Blood looked at Harman and Harman looked at Blood. Then telling Ginnell that they would consider the matter, they went on deck to talk it over.

There was truth in what Ginnell said. They would want help in getting the coin ashore in safety, and unless they marooned or murdered Ginnell, he, if left out, would always be a witness to make trouble. Besides, though engaged on a somewhat shady business, neither Blood nor Harman were scoundrels. Ginnell up to this had been paid out in his own coin, the slate was clean, and it pleased neither of them to take profit from this blackguard beyond what they considered their due.

It was just this touch of finer feeling that excluded them from the category of rogues and made their persons worth considering and their doings worth recounting.

"We'll give him what he asks," said Blood, when the consultation was over," and mind you, I don't like giving it him one little bit, not on account of the money but because it seems to make us partners with that swab. I tell you this, Billy Harman, I'd give half as much again if an honest man was dealing with us in this matter instead of Pat Ginnell."
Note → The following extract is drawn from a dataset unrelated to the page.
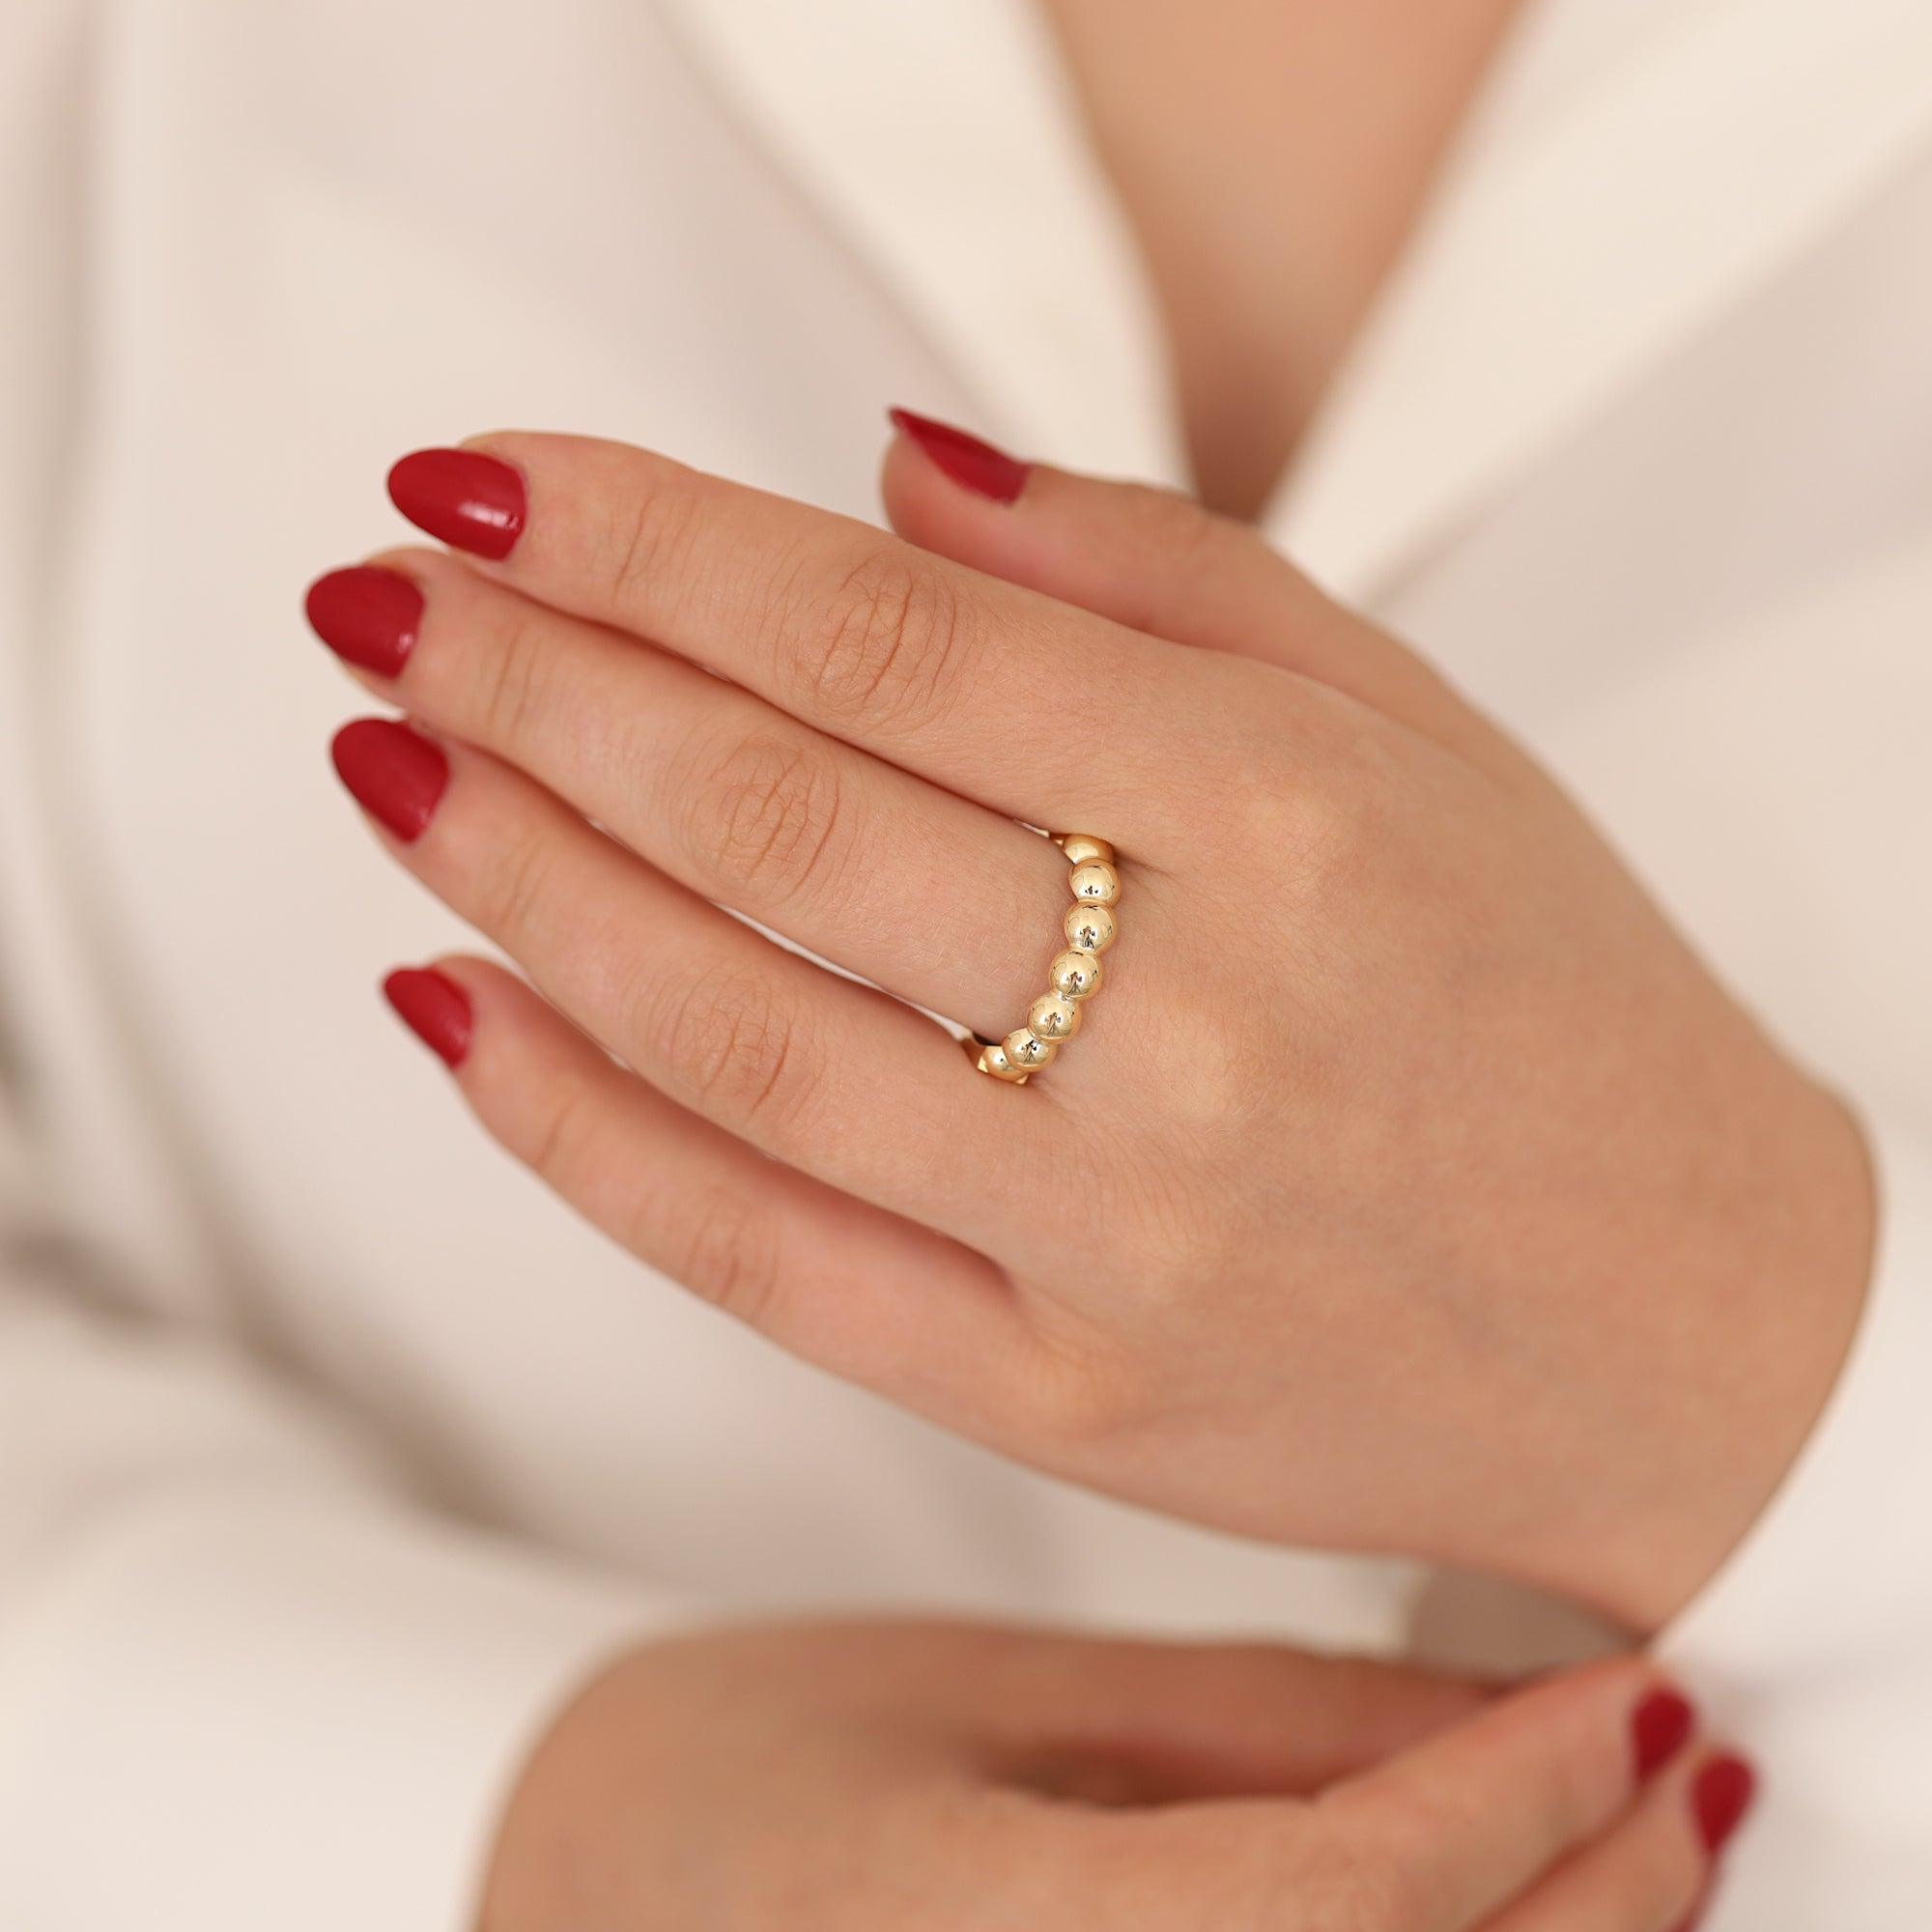 14k Gold 5mm Gold Bubble Ring - DionJewel

"And what honest man would deal with us?" asked the ingenuous Harman. "Lord! one might think the job we was on was tryin' to sell a laundry. It's safe enough, for who can say we didn't hit the wreck cruisin' round promiscuous, but it won't hold no frills in the way of Honesty and such. Down with you, and close the bargain with that chap and tip him the wink that, though we're mugs enough to give him six thousand dollars for the loan of his old shark-boat, we're men enough to put a

pistol bullet in his gizzard if he tries any games with us. Down you go." Blood went.

II

NEXT morning, an hour after sunrise, through the blaze of light striking the Pacific across the far-off Californian coast, San Juan showed like a flake of spar on the horizon to southward.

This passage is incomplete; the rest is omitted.